Bio H Name____________________________________
Introduction to Cell Membranes: Linking Macromolecules to Cell structure
Cell membranes have a wide variety of functions. The functions are dictated by the structure of the membranes. This structure is
made up of lipids, carbohydrates, and proteins. Some functions happen due to simple physics principles (molecules move from an
area of high concentration to low concentration), some due to hydrophobicity and hydrophilicity and some require not only the
structures but energy as well.
The cell is composed of two distinctive environments: the hydrophilic aqueous environment (both within the cell (cytoplasm) and
outside the cell (extracellular space) and the hydrophobic lipid membranes. The lipid environment within the membrane is created
by phospholipids. In order to understand the structure of phospholipids, let’s first revisit the lipids we have already discussed,
triglycerides and relook at their structure in order to understand the structure of a phospholipid.
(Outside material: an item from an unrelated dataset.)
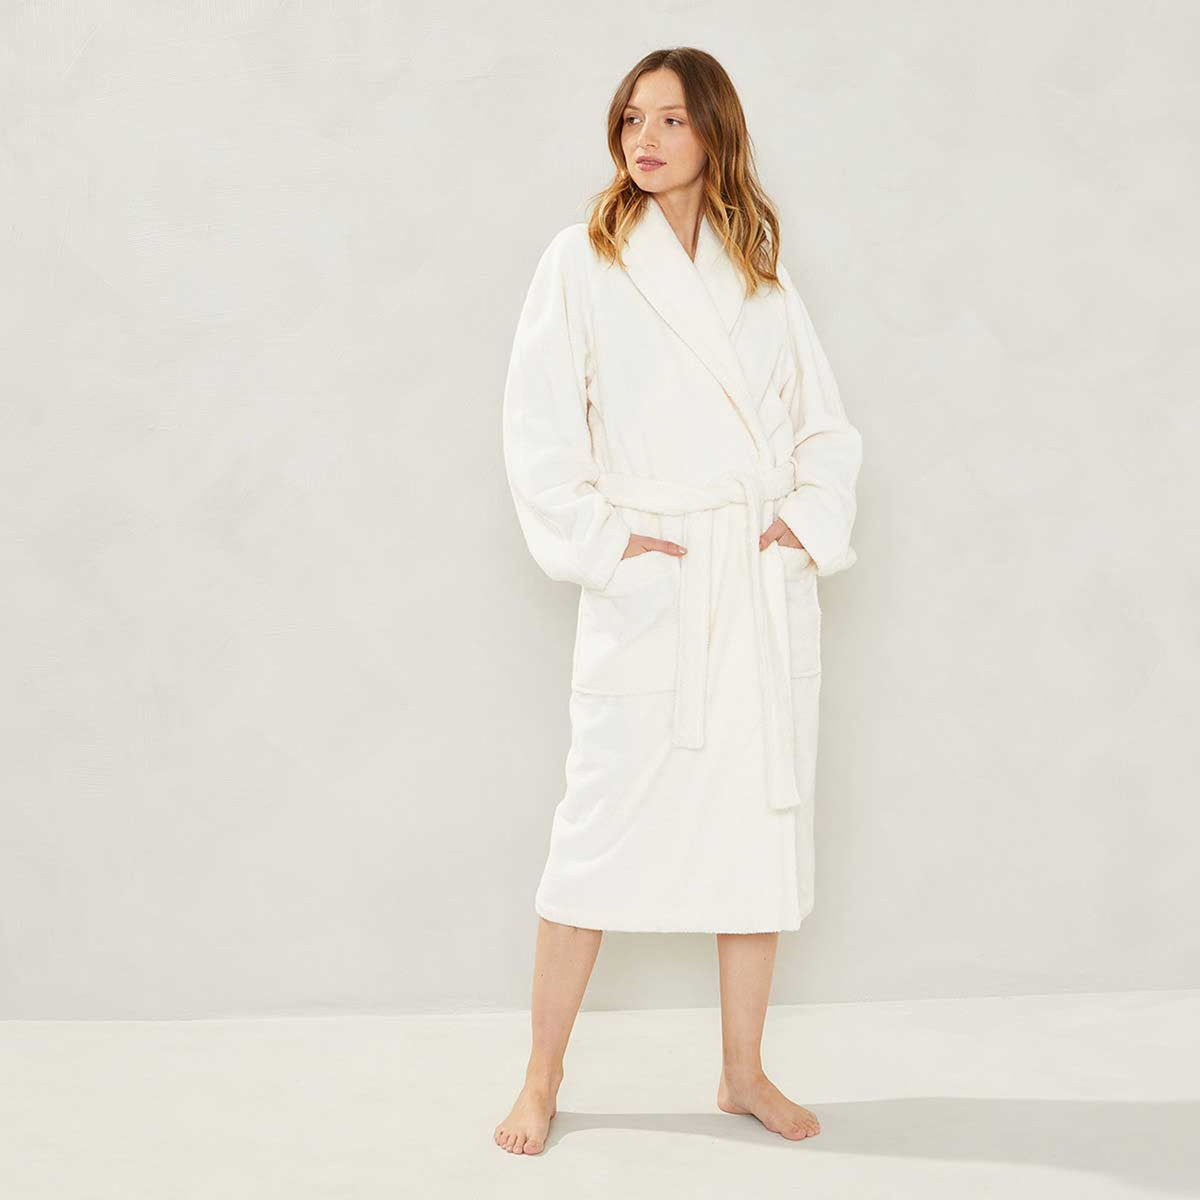 Model Wearing Yves Delorme Etoile Bath Robe in Nacre Color

We will then discuss the important
role of cholesterol in all cell membranes.
The Structure of Lipids (review)
http://www.wisc-online.com/Objects/ViewObject.aspx?ID=AP13204
Lipids serve many functions in organisms. They are the major components of waxes, pigments, steroid hormones, and cell
membranes. Phospholipids and steroids are very important to the functioning of membranes in cells. Before we discuss
phospholipids, let’s review the structure of a triglyceride. Lipid molecules are slightly soluble to insoluble in water. Triglycerides are
hydrophobic because a large part molecules consist of long, 16-22 carbon fatty acids which have only a small amount of oxygen on
one end of the molecule.
Shorthand structure (yes we left out the oxygens as well!)
This triglyceride is SATURATED (no double bonds)
Triglycerides (Fats and Oils or Neutral lipids)
Fats are synthesized from two different classes of molecules: fatty acids and glycerol. The fatty acids are generally, 16-22 carbons
long, unbranched hydrocarbons that terminate with a single carboxyl functional group (this is the end of the fatty acid that contains
the oxygen). The long unbranched hydrocarbon ‘tails” are what create the hydrophobicity. Fatty acids can be saturated (no double
bonds) or unsaturated (having one or more double bonds). These double bonds introduce "kinks" in the carbon chain which have
important consequences for the cell membranes that they will form. Unsaturated fatty acids have lower melting points than
saturated fatty acids. To construct a triglyceride, three fatty acid molecules are attached to the glycerol through a condensation
reaction (dehydration synthesis) that results in formation of a triglyceride and the release of a water molecule.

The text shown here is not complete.